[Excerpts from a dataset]

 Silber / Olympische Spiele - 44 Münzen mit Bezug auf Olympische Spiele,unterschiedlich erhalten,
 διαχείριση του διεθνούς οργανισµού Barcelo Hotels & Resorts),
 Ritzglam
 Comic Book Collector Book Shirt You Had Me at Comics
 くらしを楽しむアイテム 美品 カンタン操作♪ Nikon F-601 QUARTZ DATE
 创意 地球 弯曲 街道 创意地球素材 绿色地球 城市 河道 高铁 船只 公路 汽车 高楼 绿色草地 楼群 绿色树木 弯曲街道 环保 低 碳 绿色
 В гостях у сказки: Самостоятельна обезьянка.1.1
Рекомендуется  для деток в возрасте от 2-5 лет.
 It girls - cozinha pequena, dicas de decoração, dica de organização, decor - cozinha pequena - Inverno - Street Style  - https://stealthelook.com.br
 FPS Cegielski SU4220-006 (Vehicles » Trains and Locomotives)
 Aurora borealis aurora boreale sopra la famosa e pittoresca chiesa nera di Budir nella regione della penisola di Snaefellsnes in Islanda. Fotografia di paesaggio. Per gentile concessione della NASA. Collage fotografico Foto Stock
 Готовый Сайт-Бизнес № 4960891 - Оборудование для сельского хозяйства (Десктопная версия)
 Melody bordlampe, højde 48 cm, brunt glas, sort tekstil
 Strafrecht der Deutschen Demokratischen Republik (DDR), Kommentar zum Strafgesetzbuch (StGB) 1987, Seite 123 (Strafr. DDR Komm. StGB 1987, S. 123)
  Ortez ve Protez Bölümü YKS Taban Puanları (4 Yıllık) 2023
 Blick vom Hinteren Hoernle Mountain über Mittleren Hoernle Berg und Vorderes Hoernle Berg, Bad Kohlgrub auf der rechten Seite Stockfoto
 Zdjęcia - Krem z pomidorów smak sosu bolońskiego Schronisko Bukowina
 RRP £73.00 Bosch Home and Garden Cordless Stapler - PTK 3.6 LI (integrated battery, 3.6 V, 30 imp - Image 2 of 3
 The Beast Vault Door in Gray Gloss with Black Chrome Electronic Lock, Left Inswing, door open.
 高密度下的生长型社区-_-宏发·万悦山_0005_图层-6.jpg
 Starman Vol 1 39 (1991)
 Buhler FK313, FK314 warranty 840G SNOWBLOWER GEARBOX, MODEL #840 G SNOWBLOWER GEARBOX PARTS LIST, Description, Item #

[What you have to do]:
Give back the entries above exactly as they are, from their first line through the line that contains "В гостях у сказки: Самостоятельна", both included, with nothing else.

[Answer below]:
 Silber / Olympische Spiele - 44 Münzen mit Bezug auf Olympische Spiele,unterschiedlich erhalten,
 διαχείριση του διεθνούς οργανισµού Barcelo Hotels & Resorts),
 Ritzglam
 Comic Book Collector Book Shirt You Had Me at Comics
 くらしを楽しむアイテム 美品 カンタン操作♪ Nikon F-601 QUARTZ DATE
 创意 地球 弯曲 街道 创意地球素材 绿色地球 城市 河道 高铁 船只 公路 汽车 高楼 绿色草地 楼群 绿色树木 弯曲街道 环保 低 碳 绿色
 В гостях у сказки: Самостоятельна обезьянка.1.1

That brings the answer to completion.